A cross-browser QA should have a QA matrix that tests Private vs. Standard mode with protections on and off, across Geo variants via proxies. A quick checklist is to ensure your logins, affiliate flows, and analytics parity are validated. Take note of browser-specific fallbacks and document them, using rotating residential proxies to cover geo-specific differences.
Who Benefits and Who Loses?
Users enjoy the most benefits with increased privacy and cleaner URLs. Sites can be safer, more user-friendly, and may load faster in some cases. Publishers, as well, get to keep first-party analytics. However, they also lose some third-party reach. Additionally, advertisers lose URL IDs, and fingerprinting vendors lose entropy.
What Data Is Still Available to Teams?
ATFP doesn’t erase all your data. Teams will still have access to data, such as first-party cookies, server logs, event APIs, and consented identifiers. It all comes down to replacing overreliance on fragile query identifiers with server-centered sessions.
Enterprise and MDM considerations
For managed fleets like education and enterprises, training for users may be adopted. It should cover where to find the needed settings and how to test and enable advanced tracking and fingerprinting protection. All changes made should be clearly communicated to the marketing or legal team. Also, make sure you watch for MDM payloads or configuration profiles.
Performance and Accessibility Notes
The main purpose of advanced tracking and fingerprint protection is to make sure sites are fast and user-friendly. If performance issues become noticeable, it is likely as a result of retry loops from scripts that expect blocked data. Simplifying client logic and verifying all trimmed URLs in line with WCAG navigation standards is a feasible solution.
Conclusion
In summary, Apple ATFP is a two-way privacy feature. On one hand, it cleans links to eliminate link tracking. On the other hand, it uses an anti-fingerprinting method to increase privacy. The result is an increased shift towards the first party alongside a standard that focuses on the server. For teams, adopting a resilient method for attribution and testing it across multiple browsers would be very helpful. Additionally, using Residential proxies, like Live Proxies, although primarily for QA aids, would also be effective. It allows teams to mimic various regions and carriers for testing. This helps them to confirm that links, redirects, and tracking work perfectly under ATFP everywhere.
FAQs
What is Advanced Tracking and Fingerprinting Protection on iPhone?
It’s a setting that strips tracking IDs from links and reduces fingerprinting. You can find it under Settings > Safari > Advanced > Advanced Tracking and Fingerprinting Protection. These settings may differ depending on your device version.
Why Are My UTM/Click IDs Disappearing?
Click IDs are commonly stripped, while UTMs usually remain. The Link Tracking Protection removes them, which explains why they are missing. Use server-side tagging or postbacks if you need attribution to stick.
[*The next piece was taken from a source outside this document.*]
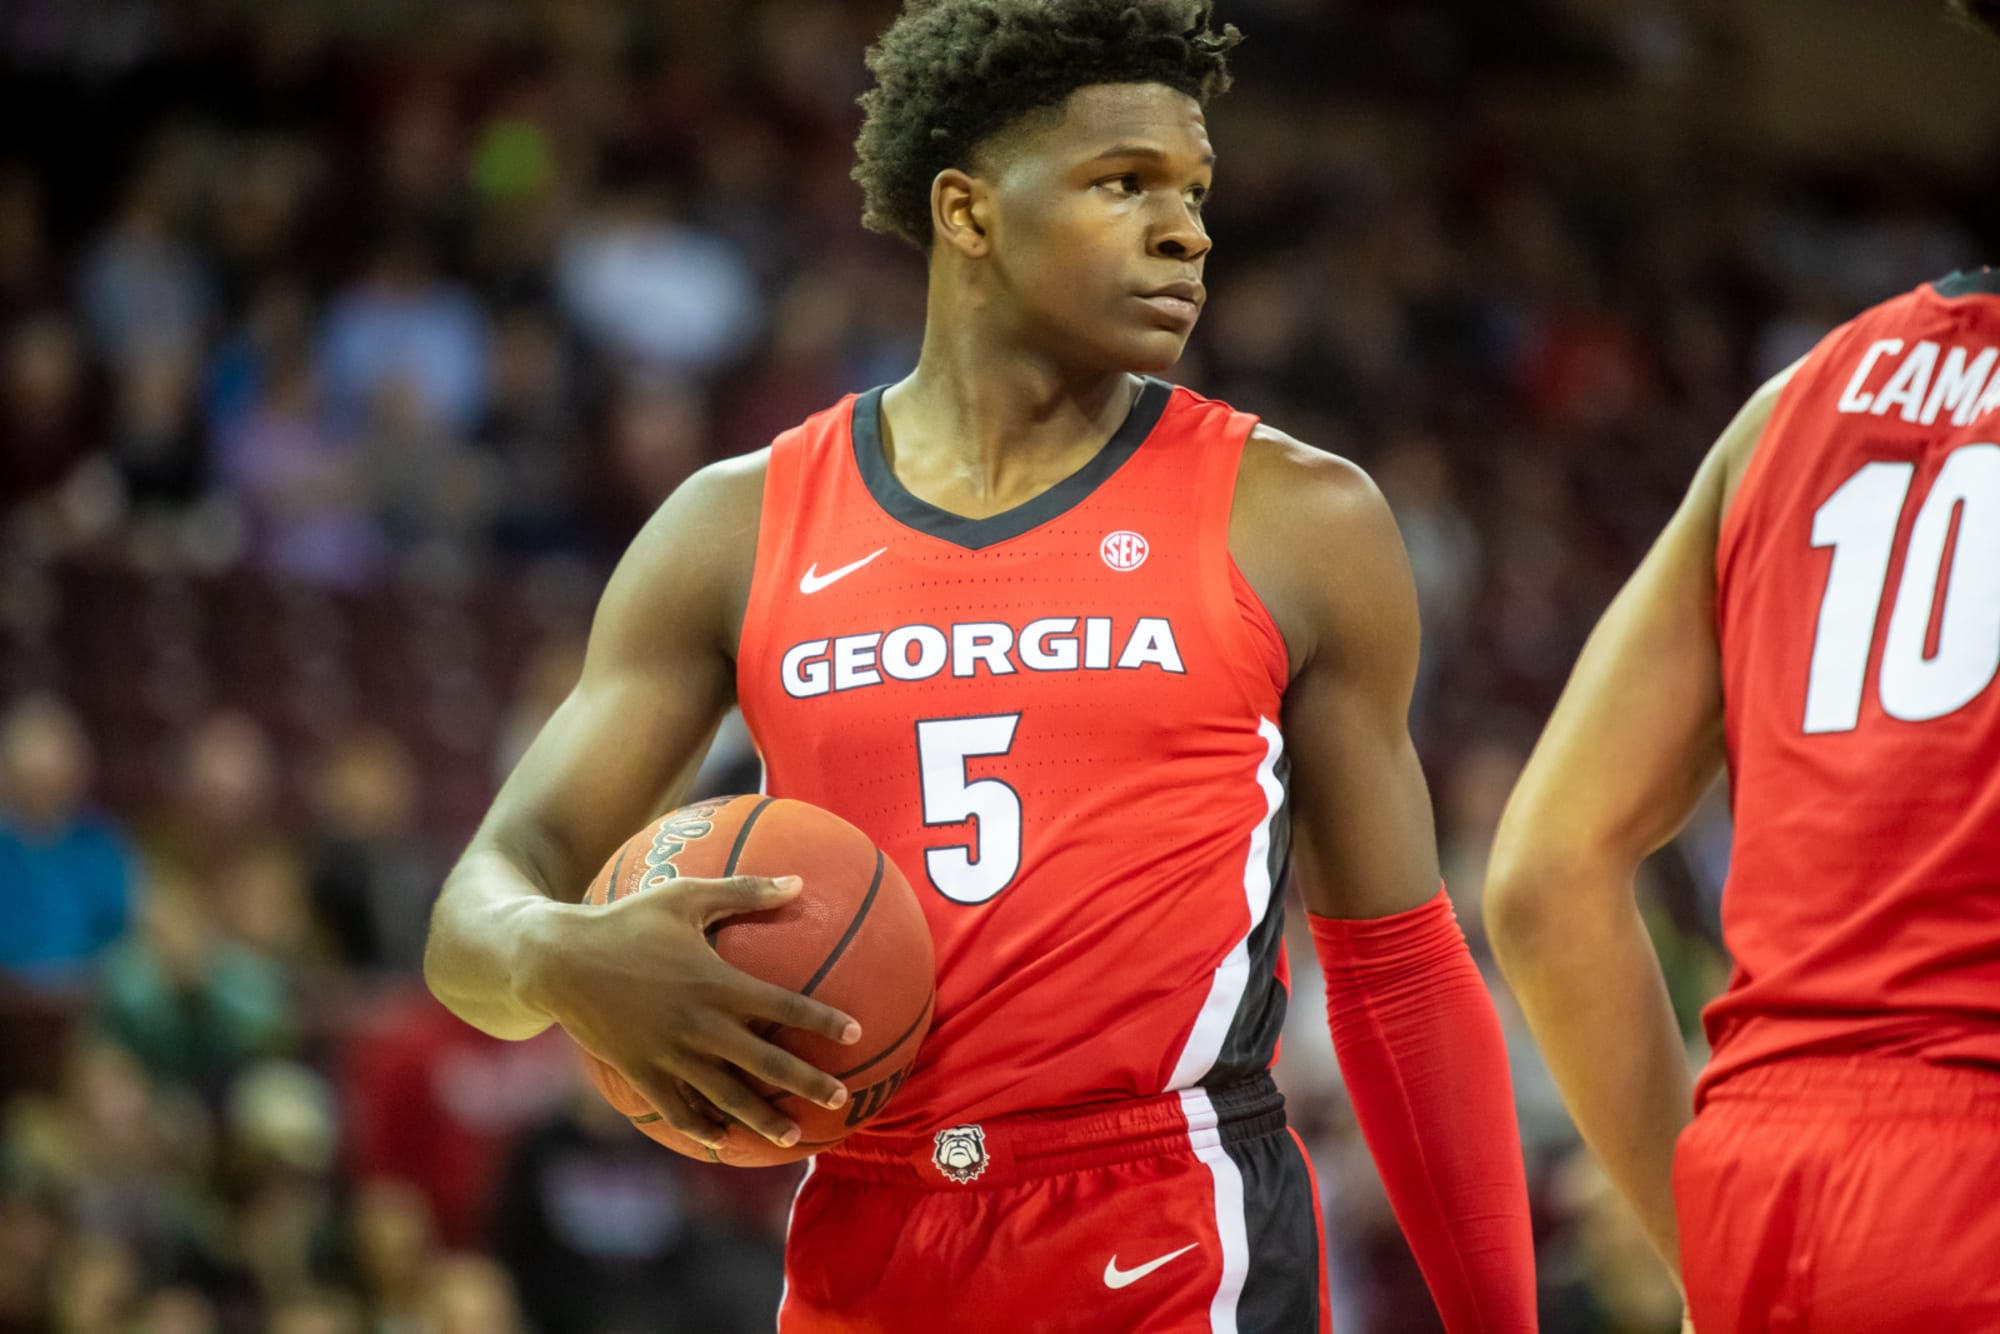 Warriors: 2020 NBA Draft prospect Obi Toppin wants to play for the Dubs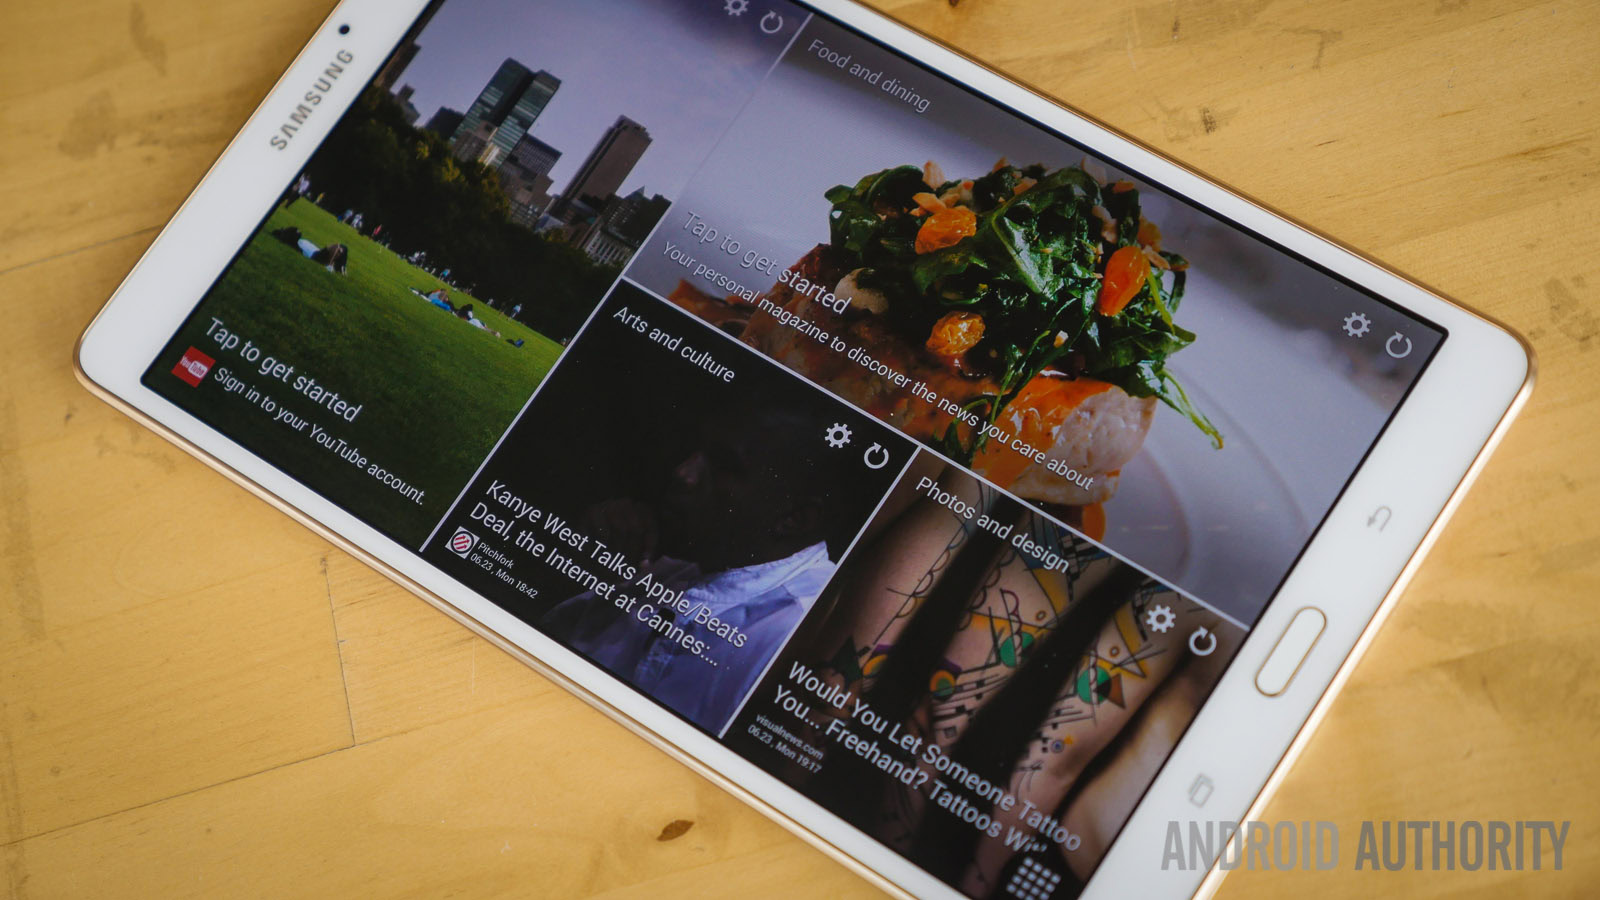 samsung galaxy tab s 8.4 review (13 of 27)

Is This the Same as Apple Private Relay?
No. Relay usually protects your identity at the network layer by hiding your IP/DNS, while advanced tracking and fingerprinting protection works inside Safari by stripping tracking parameters from links and limiting fingerprinting data. However, these two can be used together, but they serve different purposes.
Will Proxies Let Me Keep Link-Decorated Attribution?
No. Proxies only change your IP or location, while Apple’s advanced tracking and fingerprinting protection removes tracking IDs directly in the browser. Proxies can’t undo the stripping, though they help with QA testing across regions. This allows teams to replicate regional conditions and verify that flows are accurate.
How Can Developers Confirm ATFP Caused a Bug?
To confirm whether ATFP is responsible, reload the affected page in Safari without Apple's advanced tracking and fingerprinting protection and compare. If the issue disappears, the protection is interfering. Developers can then move the logic server-side, use signed tokens, or depend on first-party storage for resilience.